In this notebook, we present how to build predictive models on tabular datasets.
In particular we will highlight:
To this aim, we will use data from the 1994 Census bureau database. The goal with this data is to regress wages from heterogeneous data such as age, employment, education, family information, etc.
Let's first load the data located in the datasets
folder.
import pandas as pd
df = pd.read_csv(
"https://www.openml.org/data/get_csv/1595261/adult-census.csv")
# Or use the local copy:
# df = pd.read_csv('../datasets/adult-census.csv')

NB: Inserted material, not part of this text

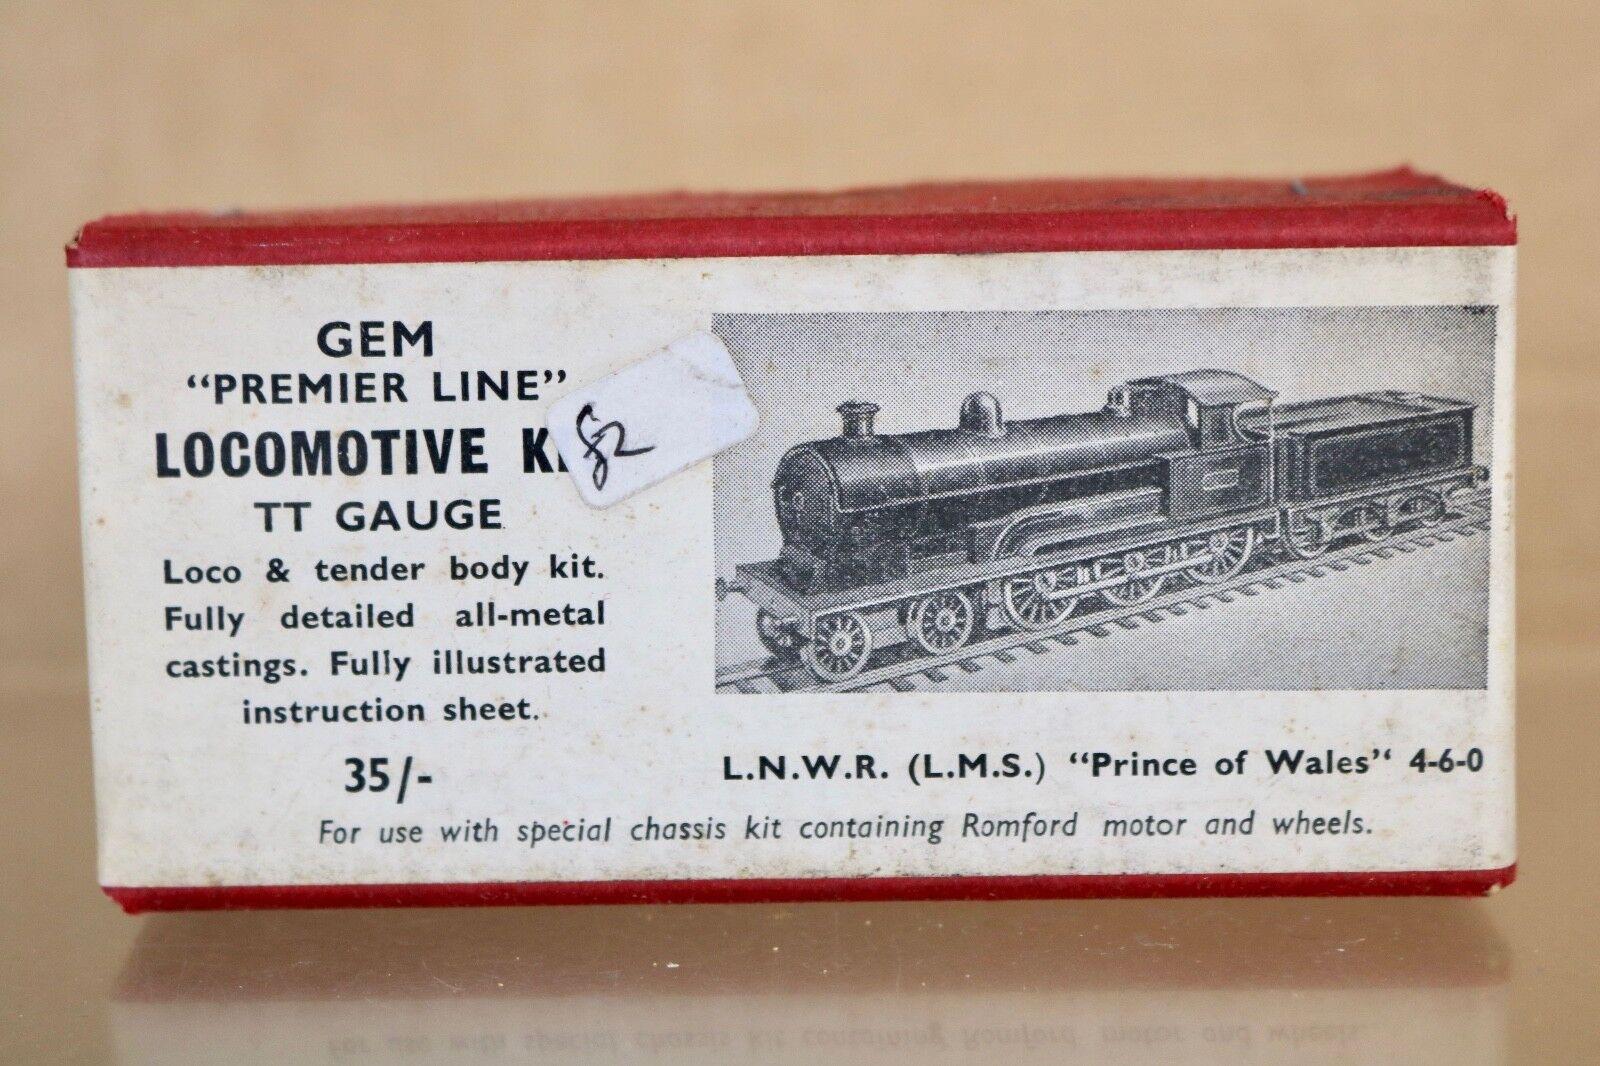 GEM TT GAUGE KIT BUILT LNWR LMS 4-6-0  PRINCE of WALES CLASS LOCOMOTIVE KIT

Let's have a look at the first records of this data frame:
df.head()
age | workclass | fnlwgt | education | education-num | marital-status | occupation | relationship | race | sex | capital-gain | capital-loss | hours-per-week | native-country | class | |
---|---|---|---|---|---|---|---|---|---|---|---|---|---|---|---|
0 | 25 | Private | 226802 | 11th | 7 | Never-married | Machine-op-inspct | Own-child | Black | Male | 0 | 0 | 40 | United-States | <=50K |
1 | 38 | Private | 89814 | HS-grad | 9 | Married-civ-spouse | Farming-fishing | Husband | White | Male | 0 | 0 | 50 | United-States | <=50K |
2 | 28 | Local-gov | 336951 | Assoc-acdm | 12 | Married-civ-spouse | Protective-serv | Husband | White | Male | 0 | 0 | 40 | United-States | >50K |
3 | 44 | Private | 160323 | Some-college | 10 | Married-civ-spouse | Machine-op-inspct | Husband | Black | Male | 7688 | 0 | 40 | United-States | >50K |
4 | 18 | ? | 103497 | Some-college | 10 | Never-married | ? | Own-child | White | Female | 0 | 0 | 30 | United-States | <=50K |
The target variable in our study will be the "class" column while we will use the other columns as input variables for our model. This target column divides the samples (also known as records) into two groups: high income (>50K) vs low income (<=50K). The resulting prediction problem is therefore a binary classification problem.
For simplicity, we will ignore the "fnlwgt" (final weight) column that was crafted by the creators of the dataset when sampling the dataset to be representative of the full census database.
target_name = "class"
target = df[target_name].to_numpy()
target
array([' <=50K', ' <=50K', ' >50K', ..., ' <=50K', ' <=50K', ' >50K'], dtype=object)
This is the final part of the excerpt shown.